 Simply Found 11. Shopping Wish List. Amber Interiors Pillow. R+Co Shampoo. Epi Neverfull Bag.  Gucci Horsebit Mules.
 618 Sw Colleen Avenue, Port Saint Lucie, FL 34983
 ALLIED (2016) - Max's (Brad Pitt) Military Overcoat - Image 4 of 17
+ + + + +
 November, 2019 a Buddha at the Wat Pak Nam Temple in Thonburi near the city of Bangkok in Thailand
+ + + + +
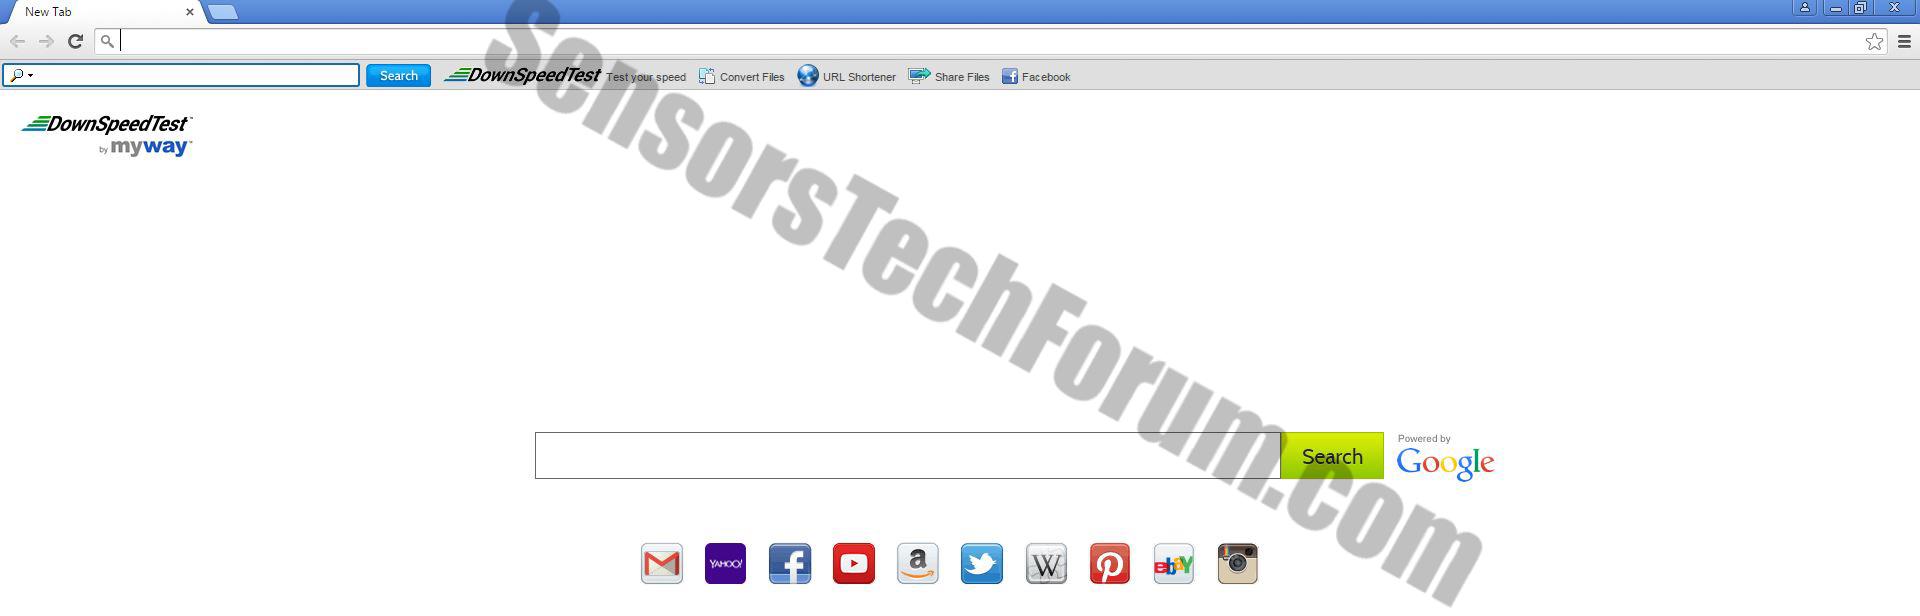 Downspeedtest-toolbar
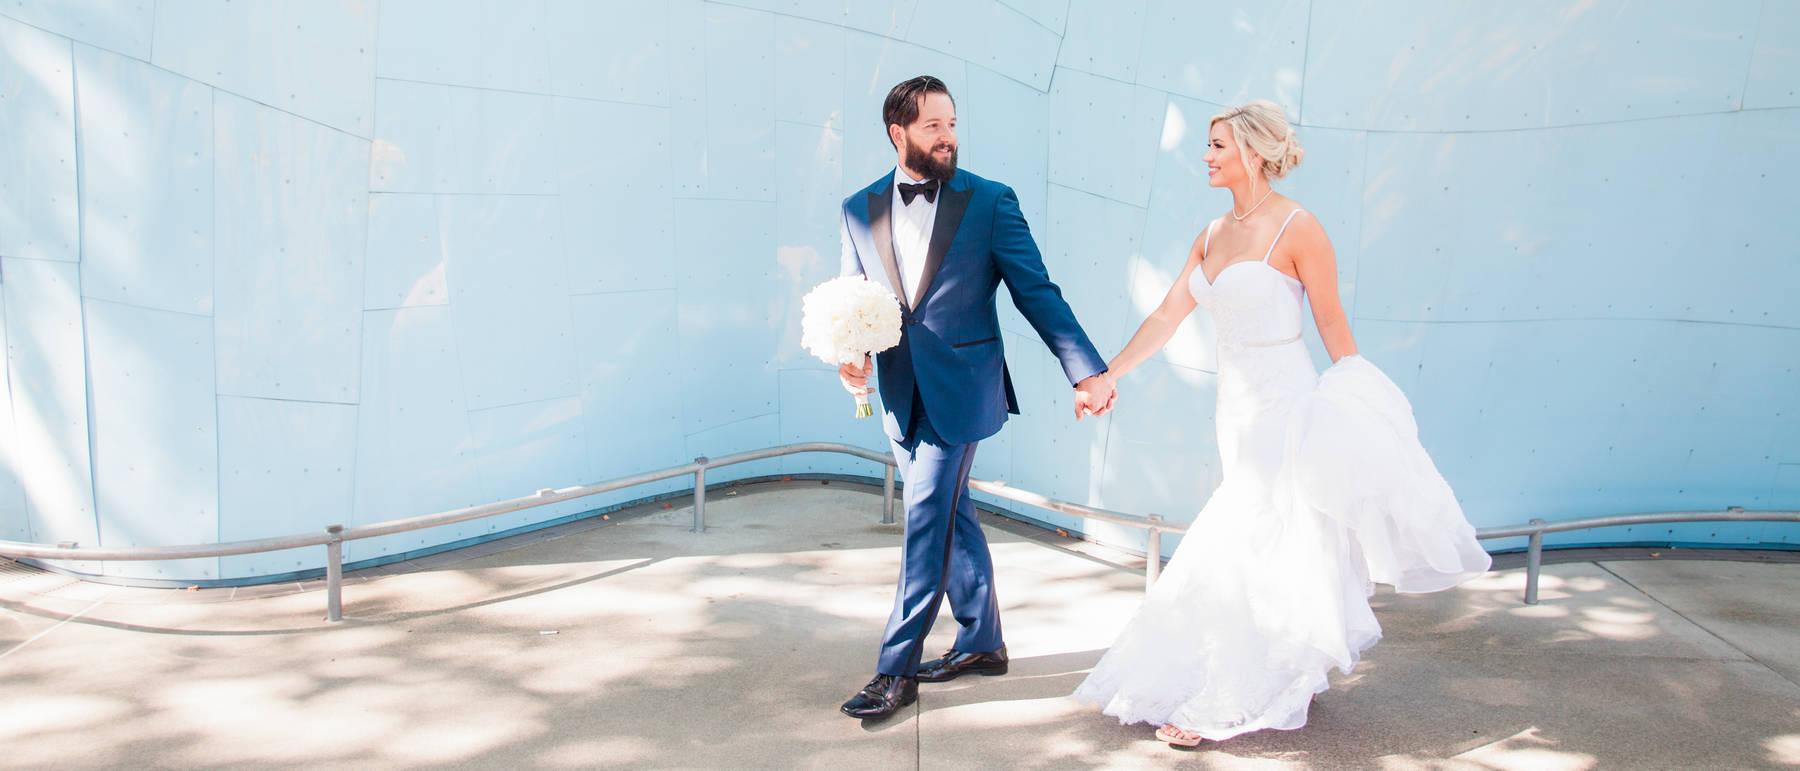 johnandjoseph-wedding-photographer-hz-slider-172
+ + + + +
Leave out every line above except those from the line with "Simply Found 11." up to and including the line with "ALLIED (2016) - Max's", and copy those exactly.

### EXERCISE RESPONSE:
 Simply Found 11. Shopping Wish List. Amber Interiors Pillow. R+Co Shampoo. Epi Neverfull Bag.  Gucci Horsebit Mules.
 618 Sw Colleen Avenue, Port Saint Lucie, FL 34983
 ALLIED (2016) - Max's (Brad Pitt) Military Overcoat - Image 4 of 17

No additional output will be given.